(Dataset section)

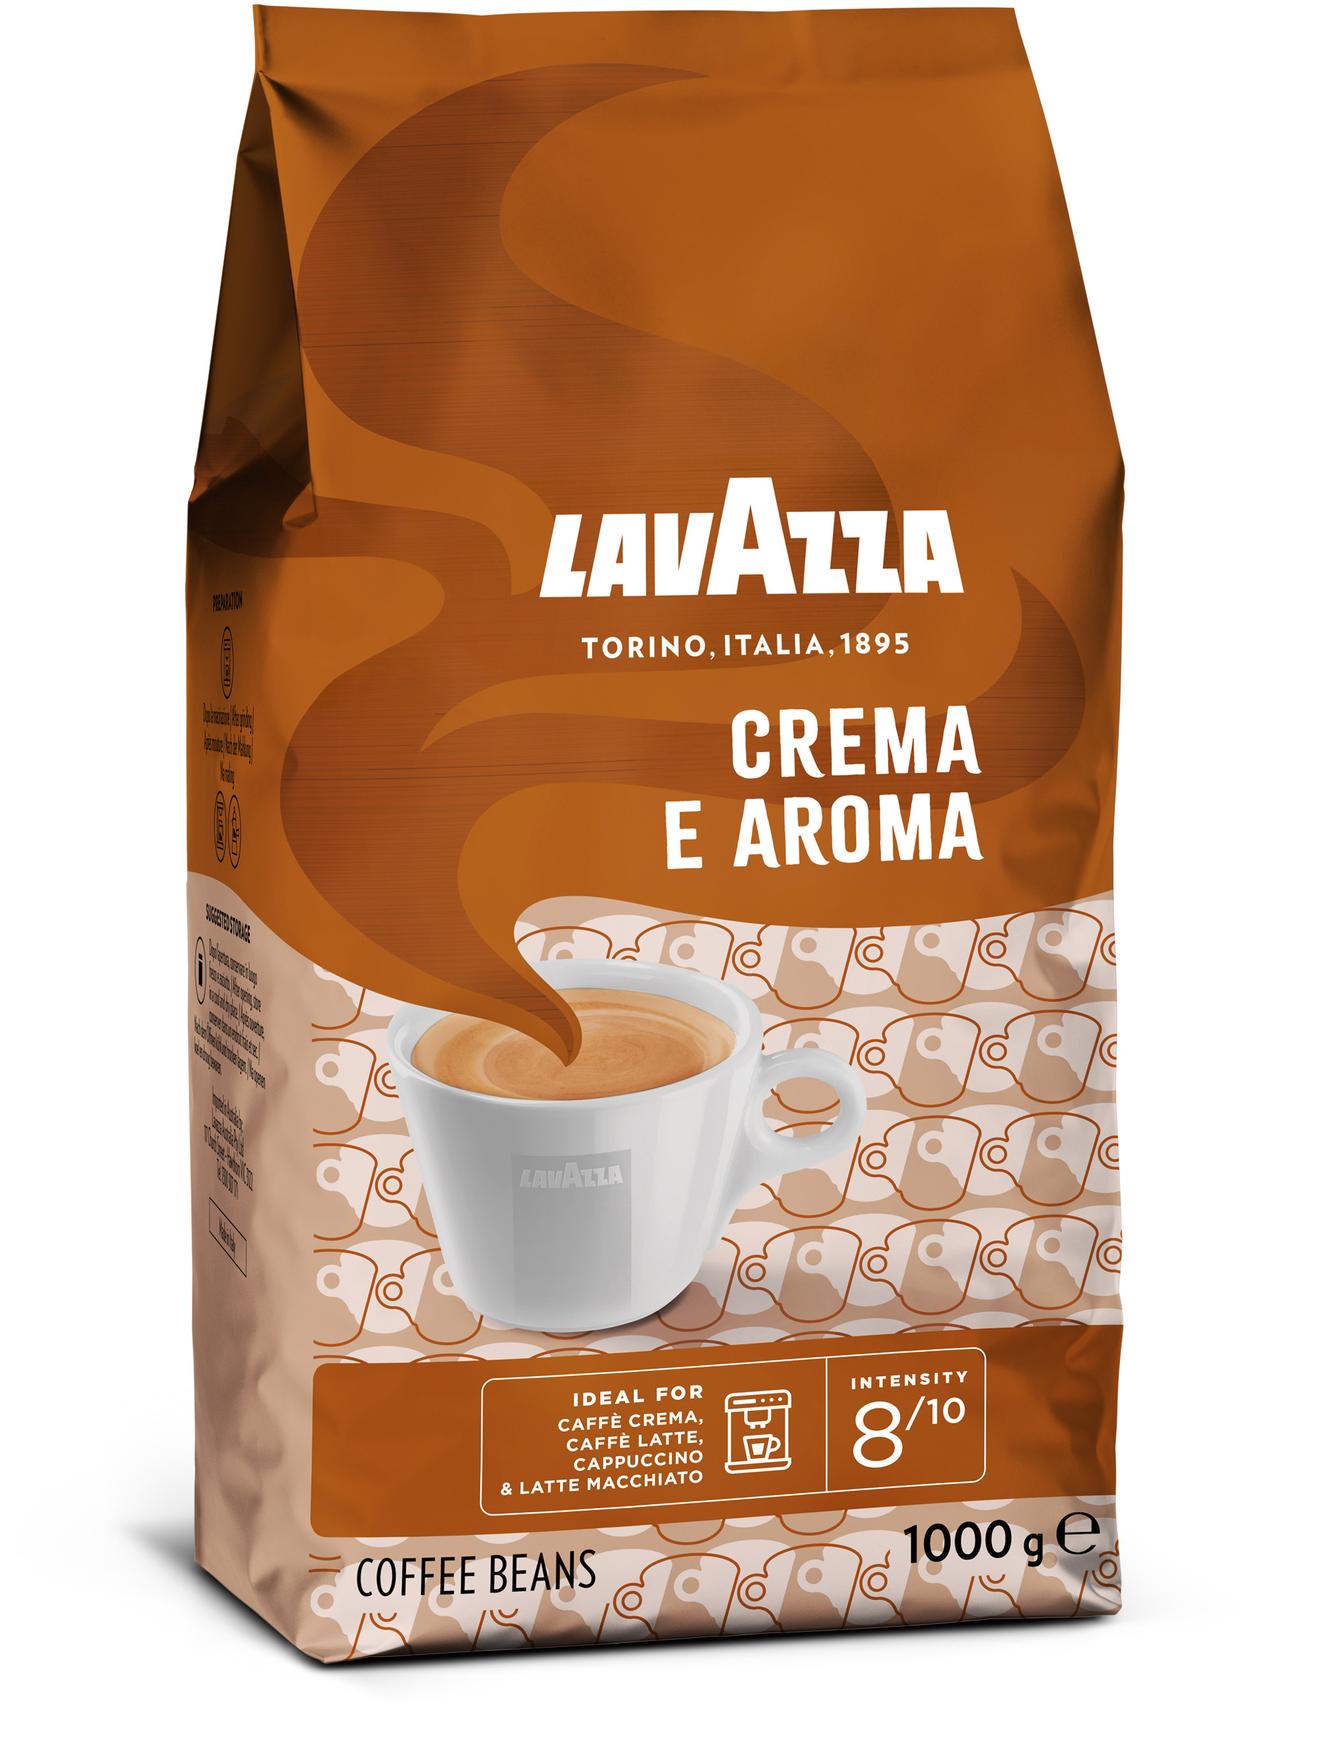 Kaffebönor Crema E Aroma för 198 kr på Coop Daglivs
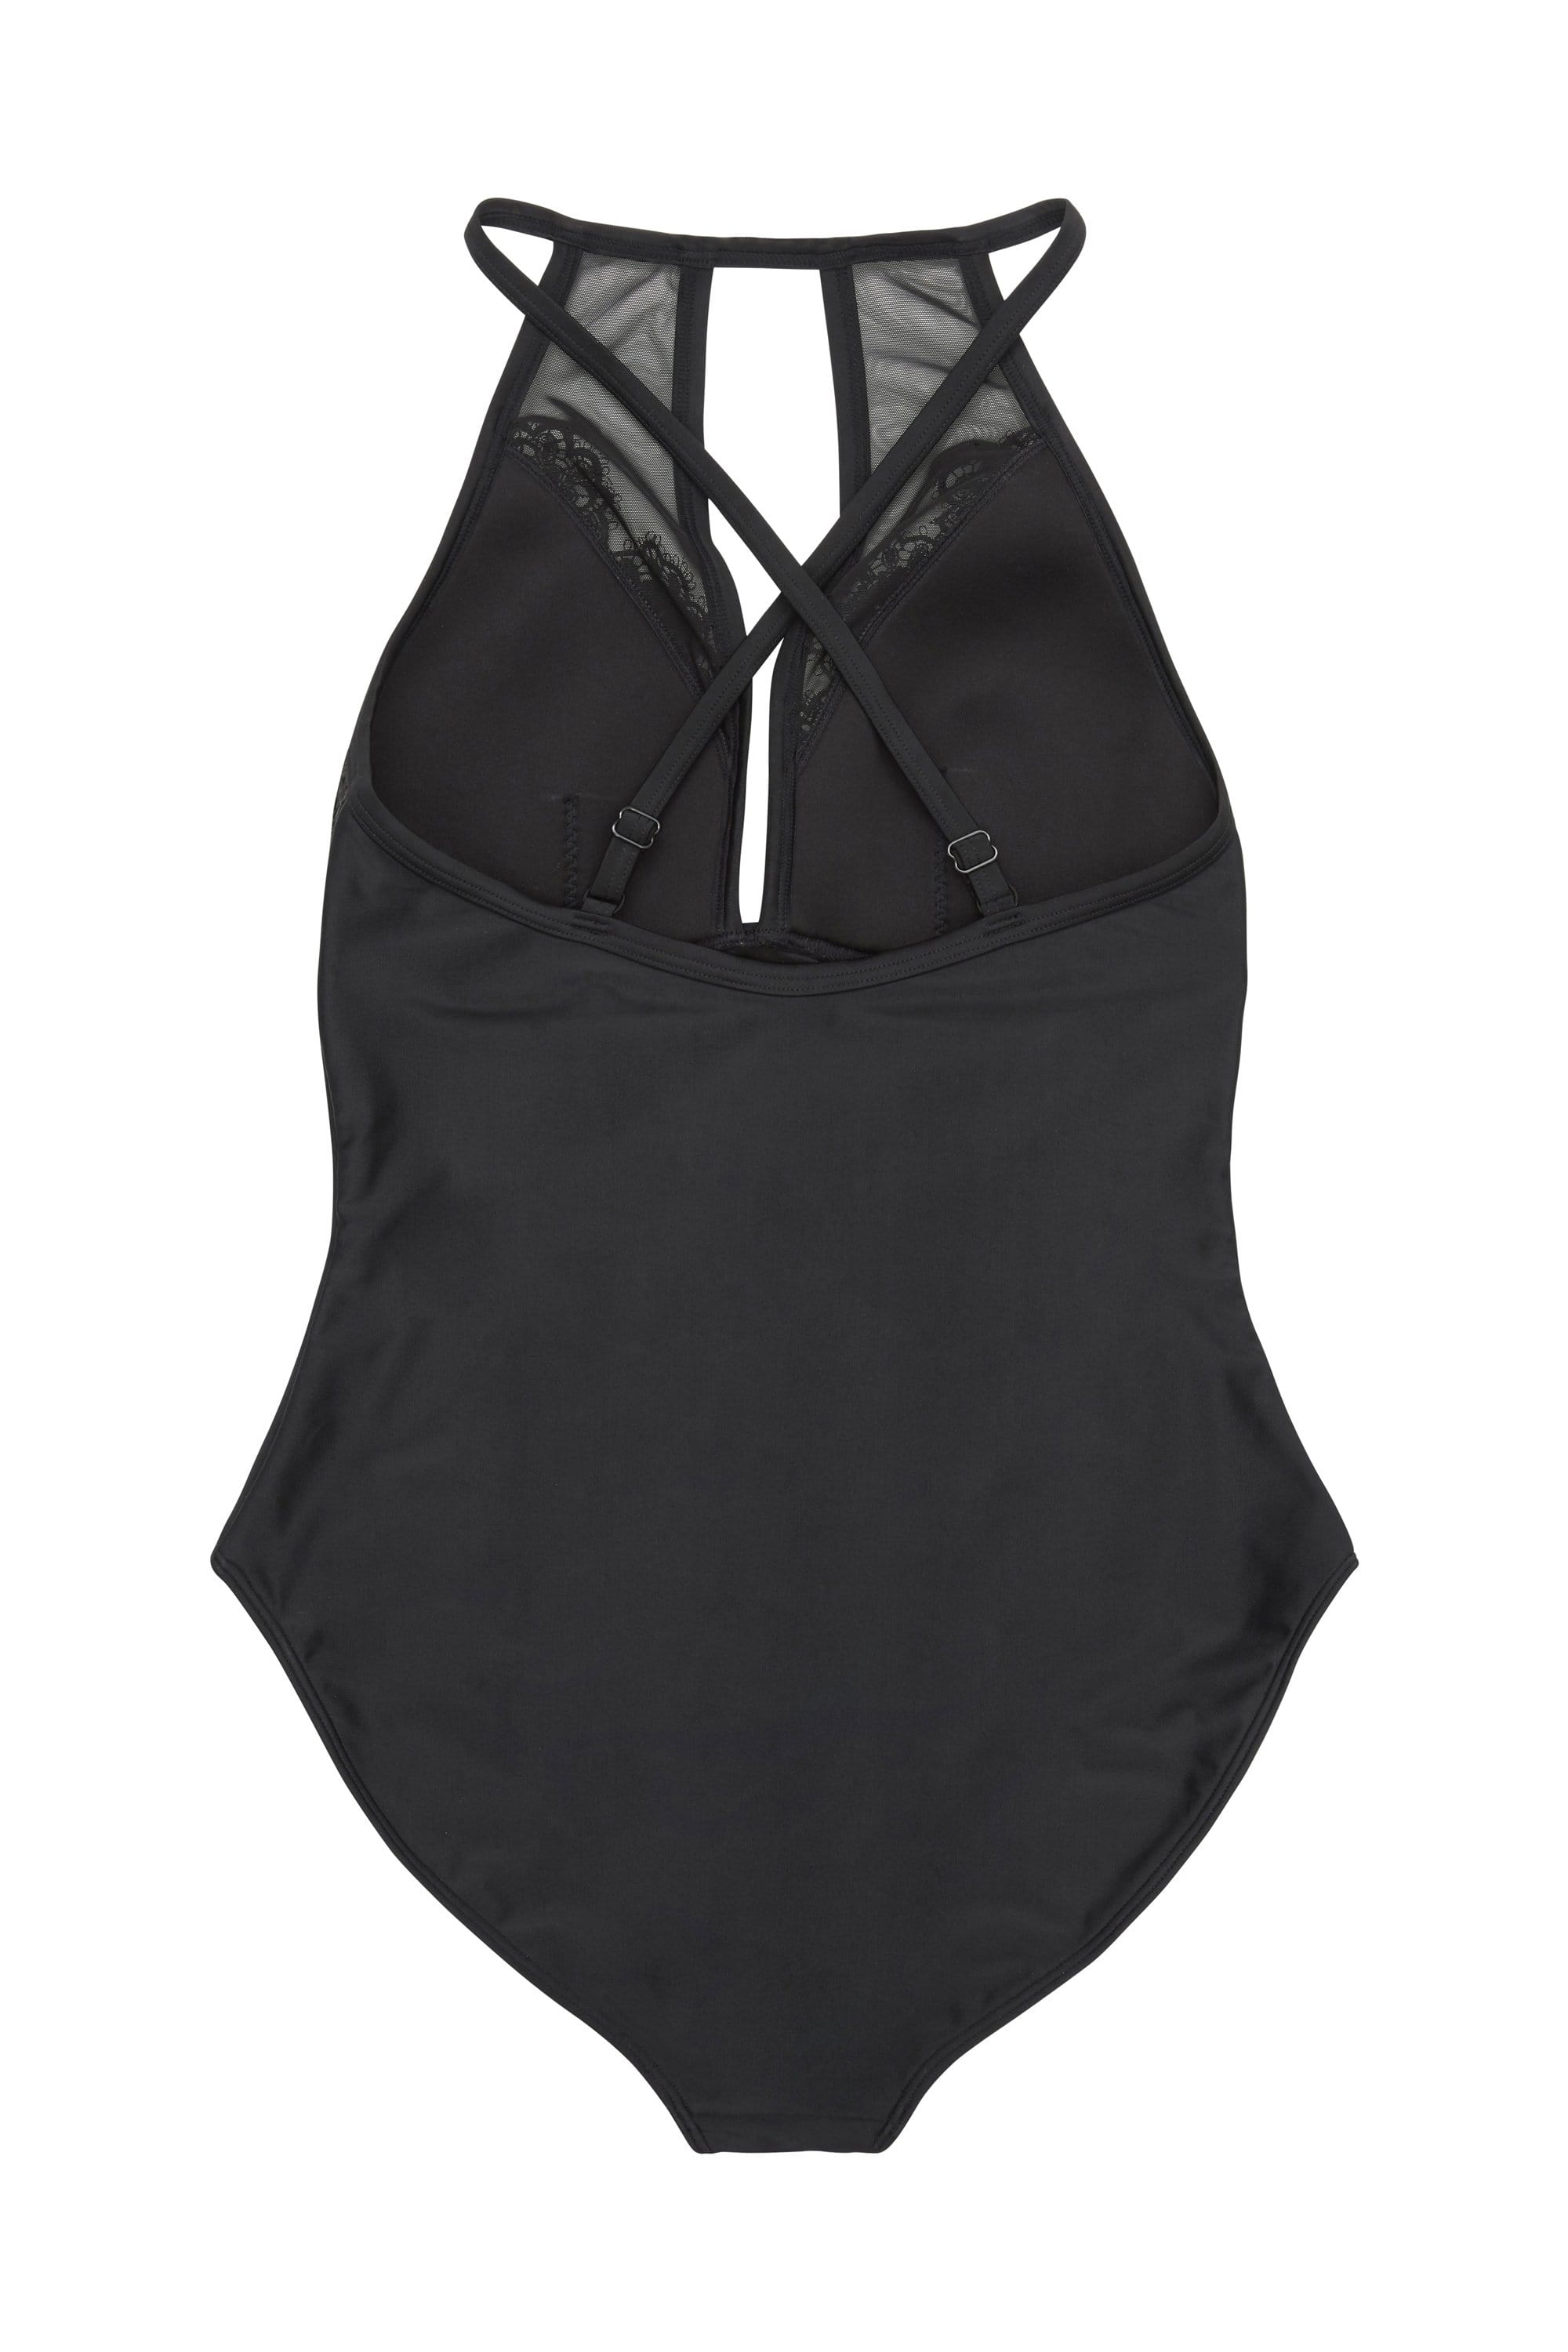 Hunter McGrady Plus Size/Curve Black High Neck Lace Panel Swimsuit
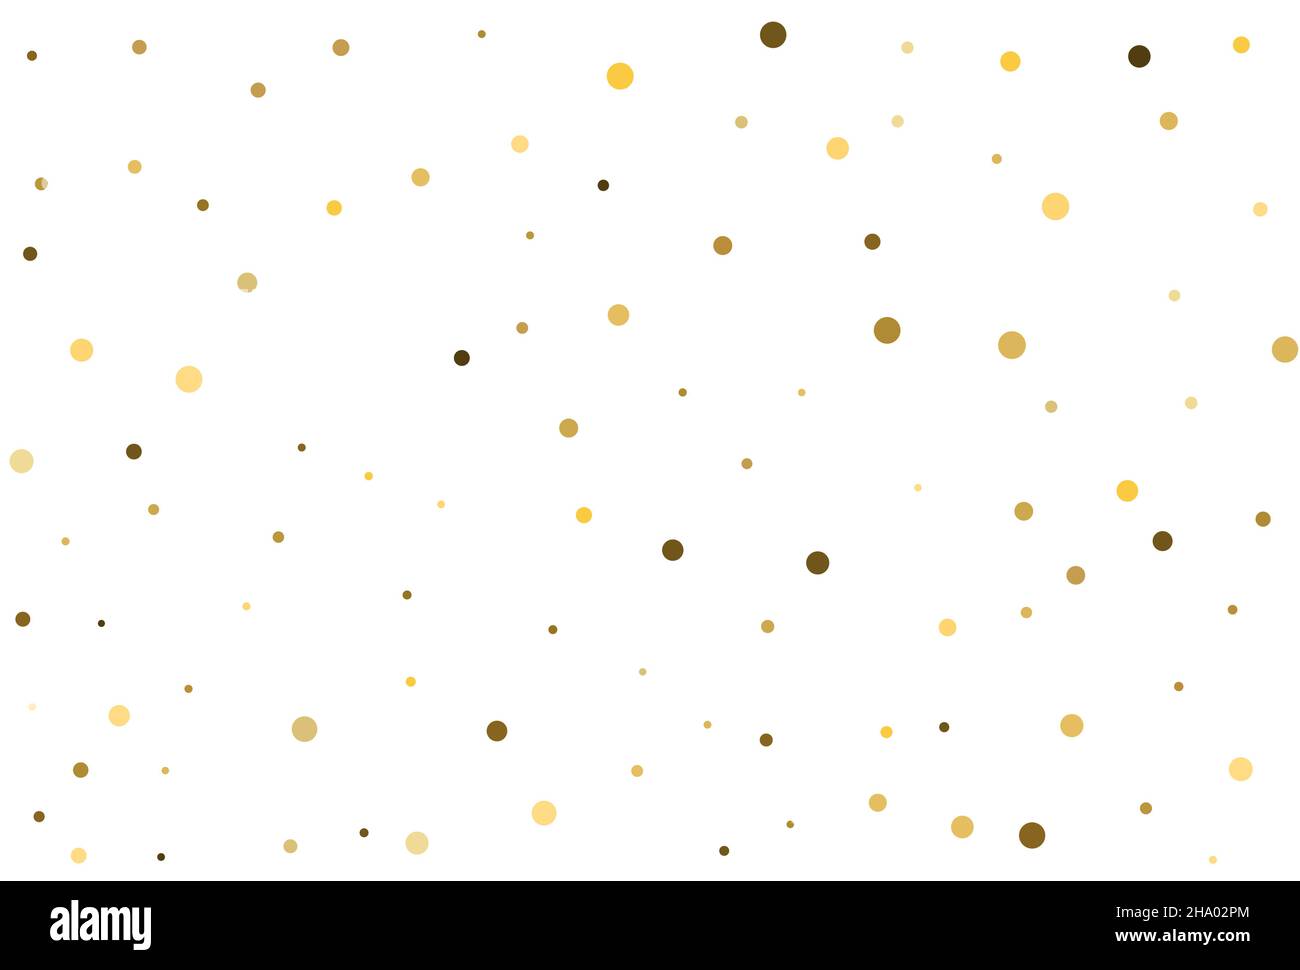 Weihnachtlicher Hintergrund mit goldenem rundem Konfetti. Vektor. Stock Vektor

(End Dataset section)

_How to complete this task_: Your copy should consist only of the lines from the line holding "Hunter McGrady Plus" through the final line of the listing above, both included, with all pictures omitted.

_Solution to this task_:
 Hunter McGrady Plus Size/Curve Black High Neck Lace Panel Swimsuit
 Weihnachtlicher Hintergrund mit goldenem rundem Konfetti. Vektor. Stock Vektor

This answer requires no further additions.